You have to be careful of those. You can get a nasty nip.
I shouldn’t wonder if the heat is hot there too.
You have to be careful of those. You can get a nasty nip.
I shouldn’t wonder if the heat is hot there too.
YES! World famous Oxnard strawberries! What a treat!
A beach town where it’s perpetually warm and there’s “nothing much to do?” Sounds perfect to me. How about for kids? Would you say it’s a good place for a family? Schools? Safe? Anything along those lines I’d love to hear about. Then there’s quaintness. Does it have any of that? That’s the kind of thing the Ms likes. As in, for instance, all the old Victorian houses in SF. She loves those.
Then you’ll love it!
Very safe. Every place has its bad areas, but Ventura County isn’t bad. You almost have to go looking for bad areas to find them. Great place for a family. The only problem is kids getting bored and maybe getting into a little trouble just by virtue of trying to find something exciting to do. Maybe some high school kids underage drinking by bonfires on the beach on a Saturday night. Nothing major.
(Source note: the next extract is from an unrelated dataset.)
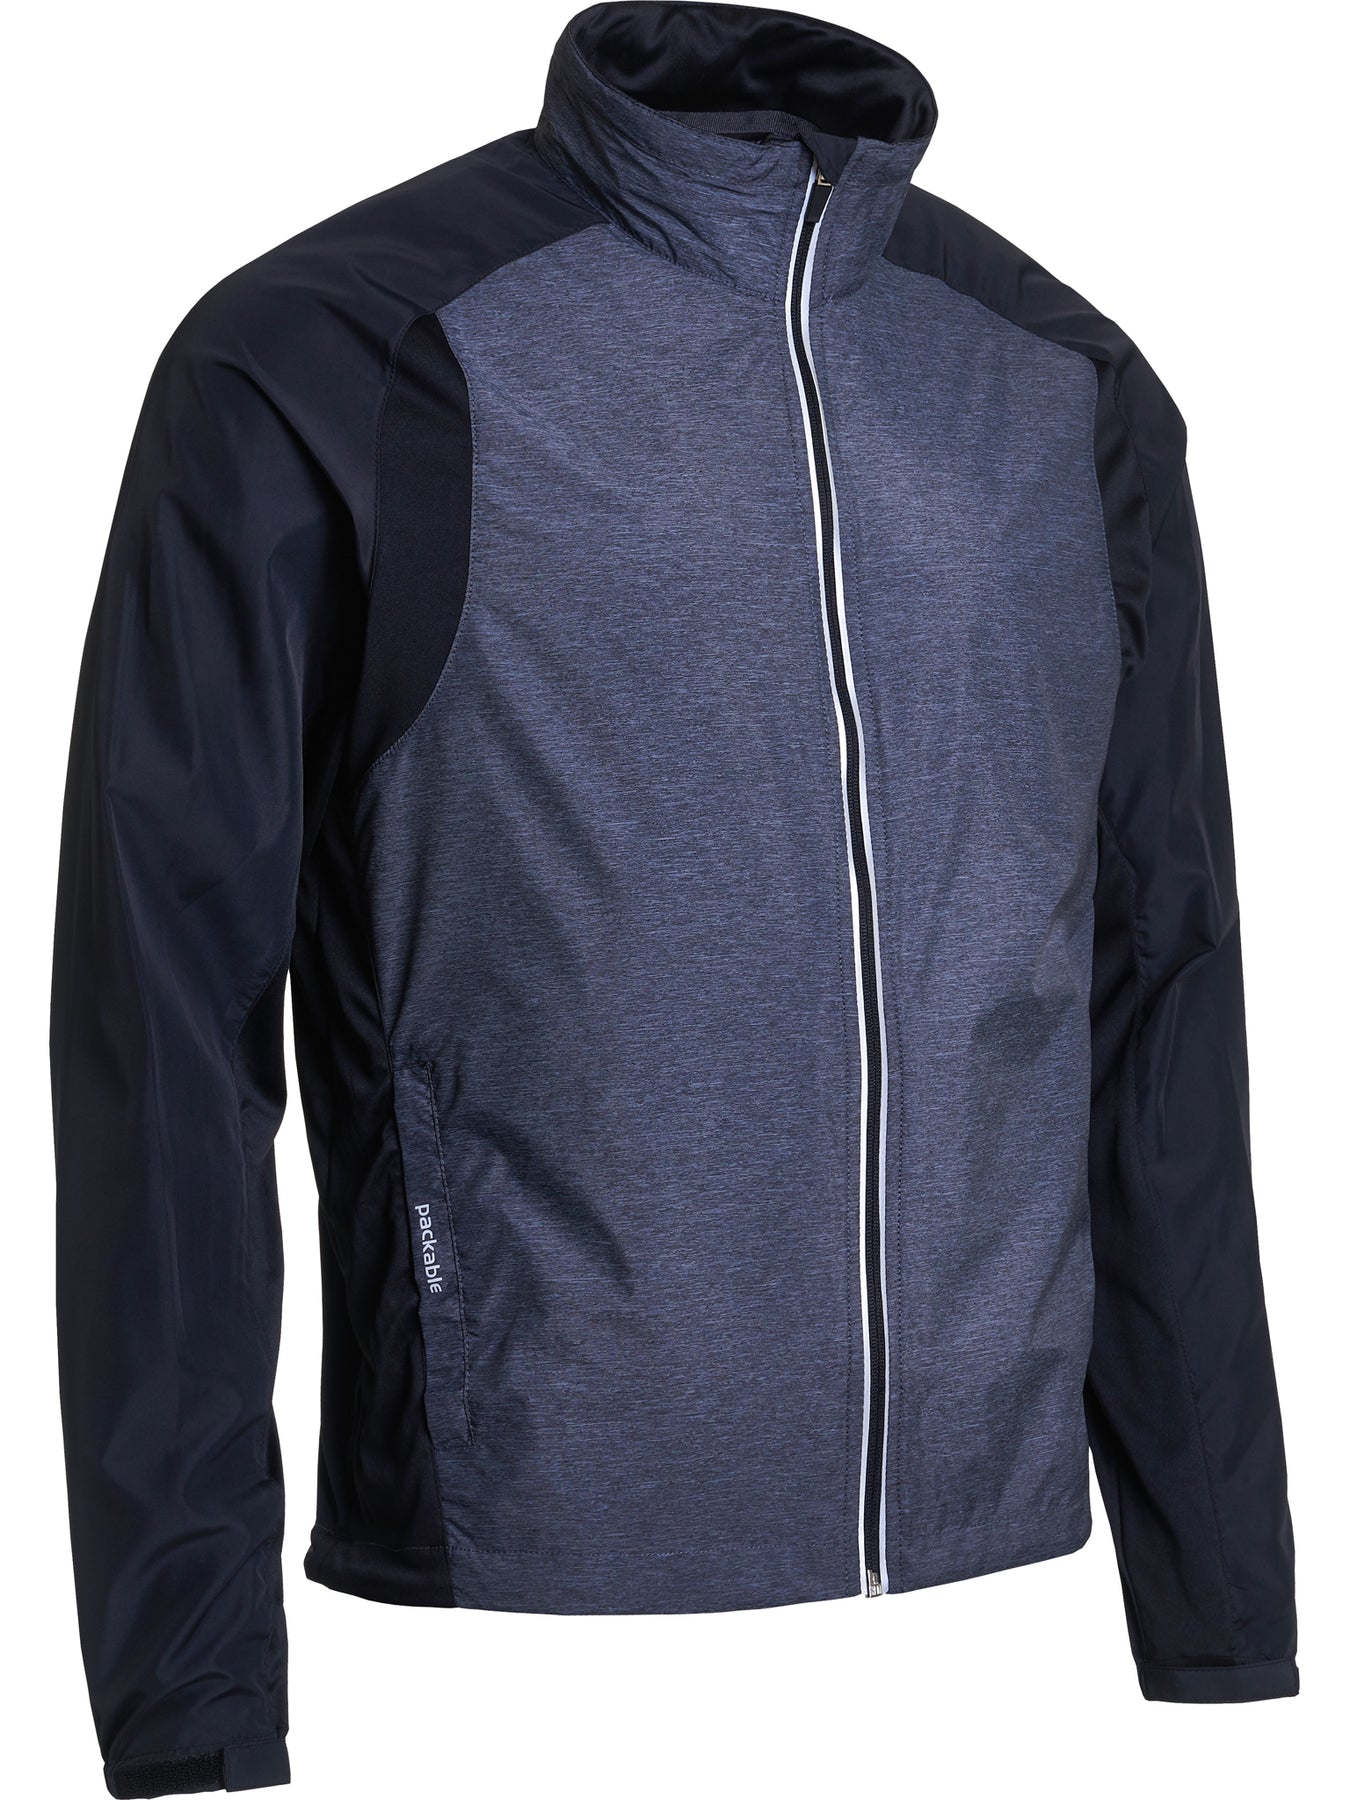 Abacus Sports Wear: Men’s High-Performance Wind Jacket – Formby

I can’t speak to all the schools in the county, but I know the schools in Camarillo are generally very good.
Very.
In some of the older pockets, yes. Old Ventura is pretty quaint. SB is prety quaint too. As you drive east from the Mission, along Main Street, you can see turn of the century homes, then 1920s homes, then 1940s homes, 1950s, 1960s, 70s, 80s, etc. Every few blocks is like its own architectural time capsule.
Mission San Buenaventura was founded in 1782. The city of San Buenaventuira grew slowly around the mission. By 1860, there was still only a population of about 1,000 in Ventura. The Oxnard Plain was pretty isolated from the rest of the state due to the mountains on all sides. As I mentioned the cliffs to the east cut off traffic to Santa Barbara in the winter along El Camino Real.
The railroad came. They unofficially shortened the name to Ventura to fit on the train schedule.
Old Oxnard grew up in the mid-1800s as a huge lima bean producer.
Camarillo was just a few store fronts and a few homes on Ventura Blvd. at the turn of the century, plus the huge Camarillo family ranch, which is now most of the entire city of Camarillo. Also historically big on lima beans.
The area really didn’t boom population wise until WWII, when the air fields came in.